Хозяин за спиной засопел.

— Дай бог не выдумываете, ваше благородие. Вроде цельный он был.

— Тогда у него в ноге растет железо само по себе, — сказал я, не оборачиваясь. — Трофимов, давай пожалуйста кокаин.

Достать его через ту дырку, в которую он вошел, было нельзя. Канал узкий, кривой, кончик засел глубоко и боком. Тащить вслепую крючком означало рвать ткань, гонять обломок дальше и, скорее всего, не вытащить. Нужно открыть. Расширить вход настолько, чтобы видеть дно и работать зажимом, а не на ощупь.

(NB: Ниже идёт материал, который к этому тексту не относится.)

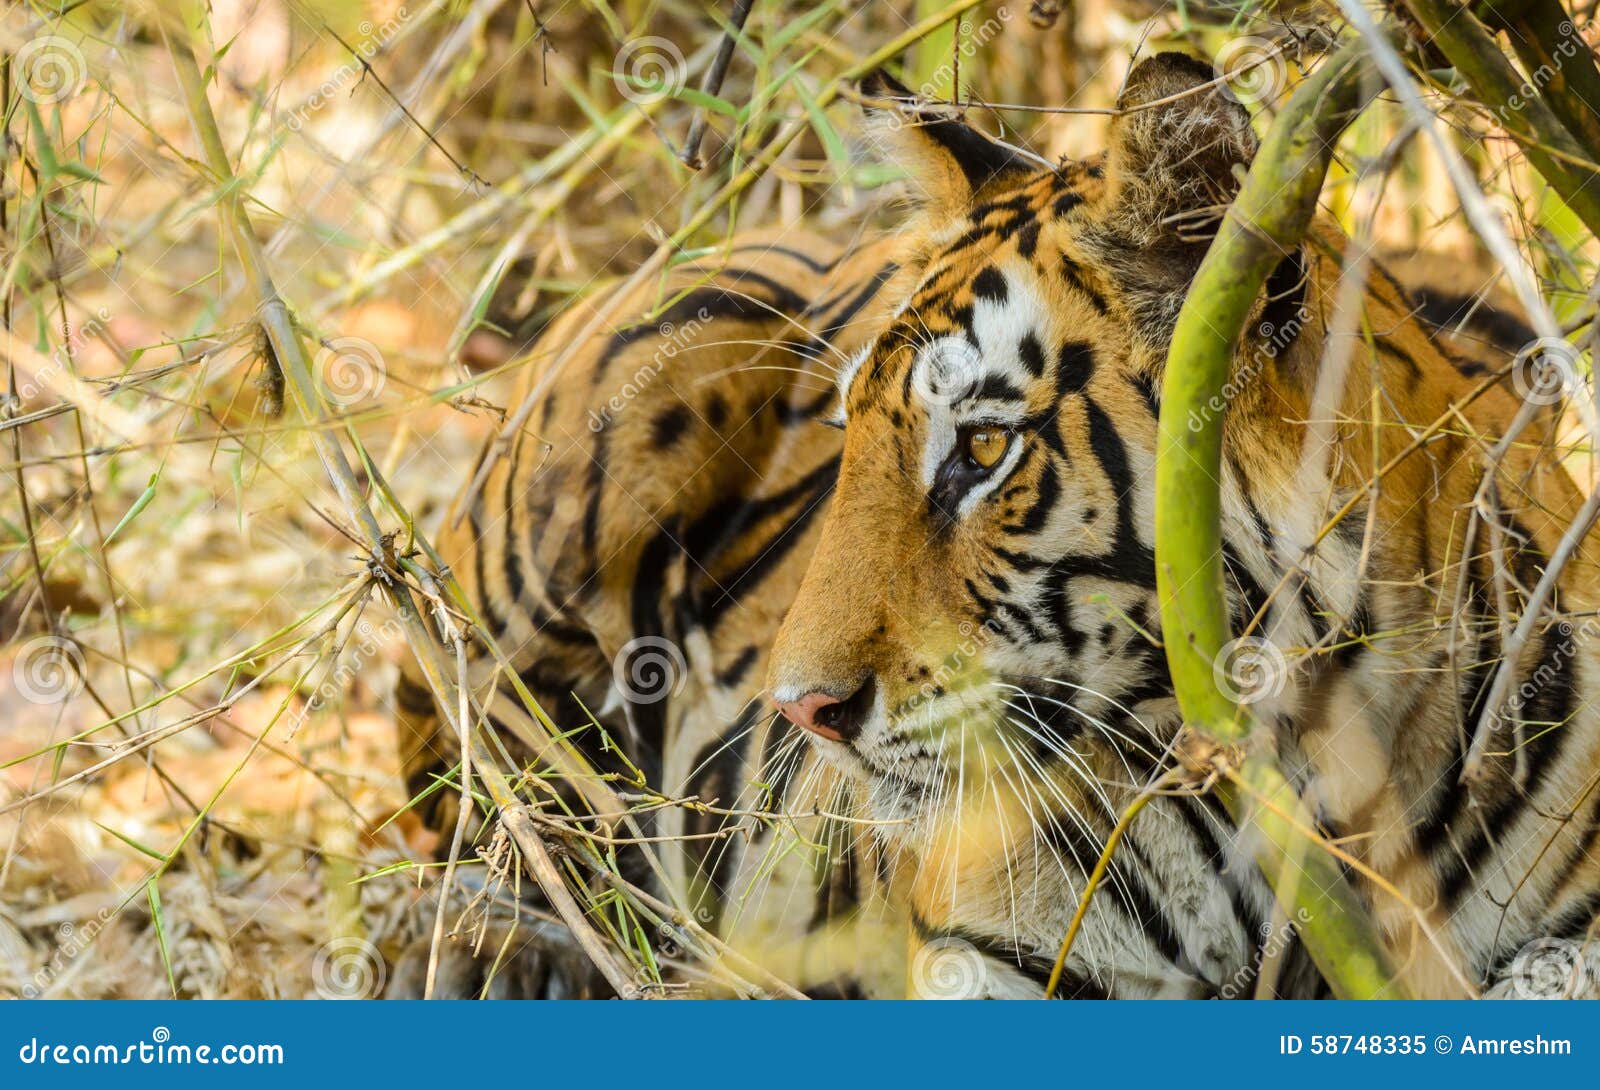 bengal tigress resting

— Слушай меня, — сказал я мальчишке. — Сейчас будет немного больно от укола, потом я заморожу место, и ты перестанешь чувствовать. Но я буду резать, и тянуть, и ковырять. Давление ты будешь чувствовать, а боль — нет. Так что не дергайся. Дернешься в неудачный момент, сделаешь хуже себе. Понял?

— Понял, — сказал парень одними губами. Перепугался, однако.

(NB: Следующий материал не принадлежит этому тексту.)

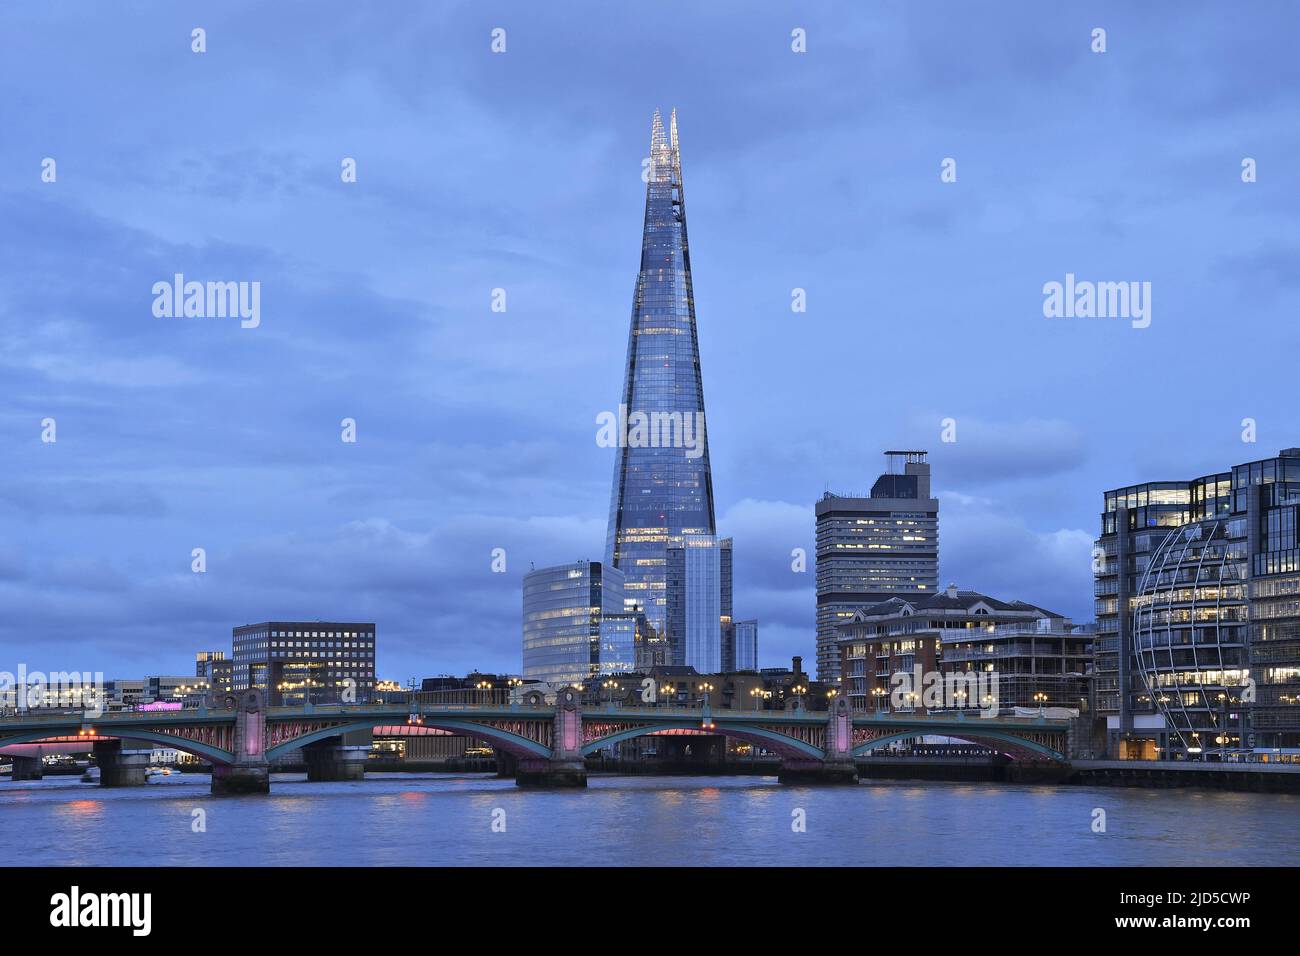 Architettura moderna con grattacielo Shard of Glass al tramonto, South Bank London UK. Foto Stock

— Держите ему колено. Чтоб нога не ушла.

Трофимов подал шприц. Я обколол кожу вокруг ранки раствором кокаина, по кругу, четырьмя уколами. Парень закрывал глаза и цеплялся пальцами за край кушетки, но ногу держал. Подождали минут пять, пока подействует. Я тронул кожу иглой.

— Чувствуешь?

— Укол чувствую. Но не больно.

— Хорошо.

Спиртом я промыл всю ступню, потом залил рану. Взял скальпель. Узкое лезвие легло поперек ранки, и я провел один разрез через нее, в полдюйма, неглубоко. Кожа разошлась, открылись края канала, и сразу набежала кровь, заполнила. Я провел второй разрез, поперек первого, крест-накрест. Получились четыре лоскута, я отвел их в стороны. Теперь видно стало глубже, но ненамного. Дно тонуло в крови.

— Тампон.

Трофимов подавал марлевые шарики на корнцанге, я промокал, кровь набегала снова. Свод стопы кровит щедро, тут сосудов хватает. Я завел в рану зажим Пеана, бранши сомкнуты, раздвинул ими ткань, осмотрел. Пока ничего. Развел бранши шире, придержал лоскут левой рукой.

— Свет ближе.

Трофимов подвинул лампу почти к самой ноге. На дне, в глубине, между раздвинутыми краями, я разглядел канал, уходящий косо вниз. Там, на пределе видимости, что-то тускло отсвечивало. Не кровь, у крови блеск другой.

Вот ты где.

Я ввел зажим, осторожно, по ходу канала, сомкнутыми браншами. Дошел до упора, до того места, где скрежетнуло раньше. Чуть приоткрыл бранши и стал нащупывать. Обломок ускользал. Я закрывал зажим, ловил пустоту, опять открывал. Кровь заливала поле, и я работал почти вслепую, по ощущению. Тонкое, твердое, скользкое от крови. Поймал, сжал, потянул. Соскочило.

— Зараза, — сказал я тихо.

— Что? — дернулся мальчишка.

— Ничего. Лежи. Тебя не касается.

Хотя, конечно, касалось.

Я промокнул еще раз. Снова завел зажим, теперь чуть глубже и под другим углом, прижал бранши к стенке канала. Под ними что-то твердое. Сжал. Держит. Потянул, медленно, чтоб не сорвалось. Пошло. Туго, цепляясь, но пошло. Я тащил, не дергая, и из раны, из крови показался кончик. Темный, в ржавчине, кривой. Обломок гвоздя с заусенцем на сломе. За этот заусенец он и держался в тканях, как рыболовный крючок.